For caching patterns specifically, see our guide to caching strategies.

Choose DynamoDB When

  • You are running on AWS and want a fully managed, serverless database
  • Your access patterns are simple (single-table design with known partition and sort keys)
  • You need consistent performance at any scale with minimal operations overhead

Choose a Graph Database When

  • Relationships between entities are the core of your domain
  • You need to traverse complex relationship paths (e.g. “friends of friends who also like X”)
  • Relational joins for your use case would require three or more levels of nesting

Common Mistakes to Avoid

Choosing Based on Hype

Every few years, a new database paradigm gains momentum and developers rush to adopt it without evaluating whether it fits their use case. MongoDB rode this wave in the early 2010s, and many teams ended up restructuring their data layer a few years later when they realised they needed relational integrity.

Evaluate databases against your specific requirements, not industry trends.

Over-Engineering for Scale

Designing for millions of users when you have hundreds is a common trap. Distributed databases add complexity: more failure modes, harder debugging, eventual consistency trade-offs, and higher operational costs. Start with the simplest option that meets your current needs and scale up when the data tells you to.

Ignoring Operational Costs

The cheapest database to run is the one your team already knows how to operate. Factor in monitoring, backups, upgrades, and on-call burden when comparing options.

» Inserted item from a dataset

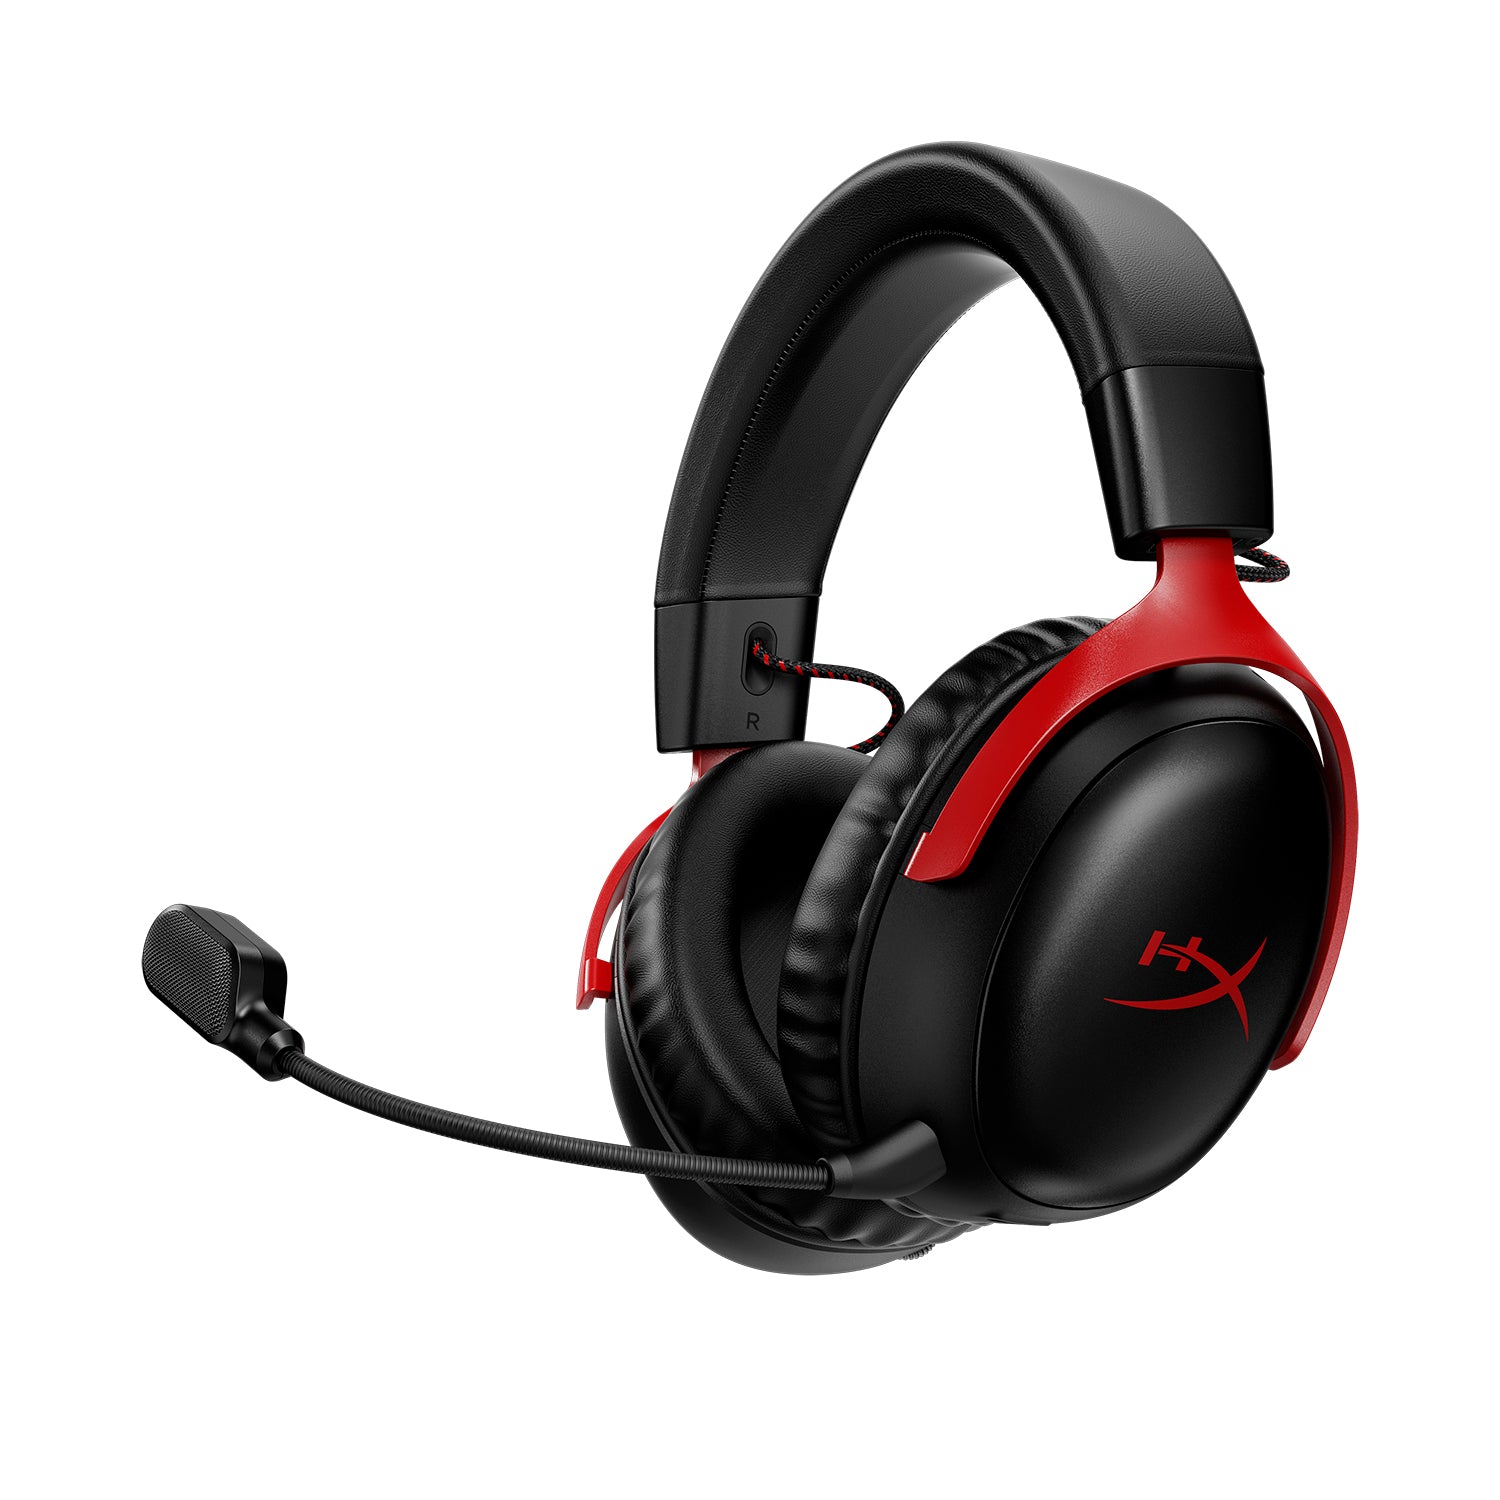 Buy HYPERX Cloud III Wireless Gaming Headset - Black & Red

A managed database service often makes more sense than self-hosting, even at a higher per-unit cost.

Using One Database for Everything

The opposite mistake is trying to force one database to handle workloads it was not designed for. Using PostgreSQL as a message queue, Redis as a primary data store, or MongoDB for heavily relational data creates friction. Recognise when a workload needs its own data store.

For more on making pragmatic architectural decisions, see the pragmatic approach to microservices.

Making Your Decision

Here is a simple decision framework:

  1. Start with your data model. If your data is relational, start with PostgreSQL or MySQL. If it is documents, consider MongoDB. If it is key-value, consider Redis or DynamoDB.
  2. Validate against access patterns. Make sure your database can handle your most common queries efficiently. If you need complex joins, stick with SQL. If you only need point lookups, simpler is better.
  3. Check your scale requirements honestly. A single PostgreSQL instance handles more than most people think. Do not introduce distributed complexity until you have evidence you need it.
  4. Consider your team. The best database is one your team can operate confidently. Factor in expertise, hiring, and on-call reality.
  5. Prototype with real data. Load a representative dataset and test your critical queries. Benchmarks in blog posts (including this one) are never a substitute for testing with your own workload.

The Bottom Line

Database selection is a consequential decision, but it does not need to be agonising. For most web applications, a relational database (particularly PostgreSQL) is the right starting point. Add specialised databases only when you hit a concrete limitation that your primary database cannot handle efficiently.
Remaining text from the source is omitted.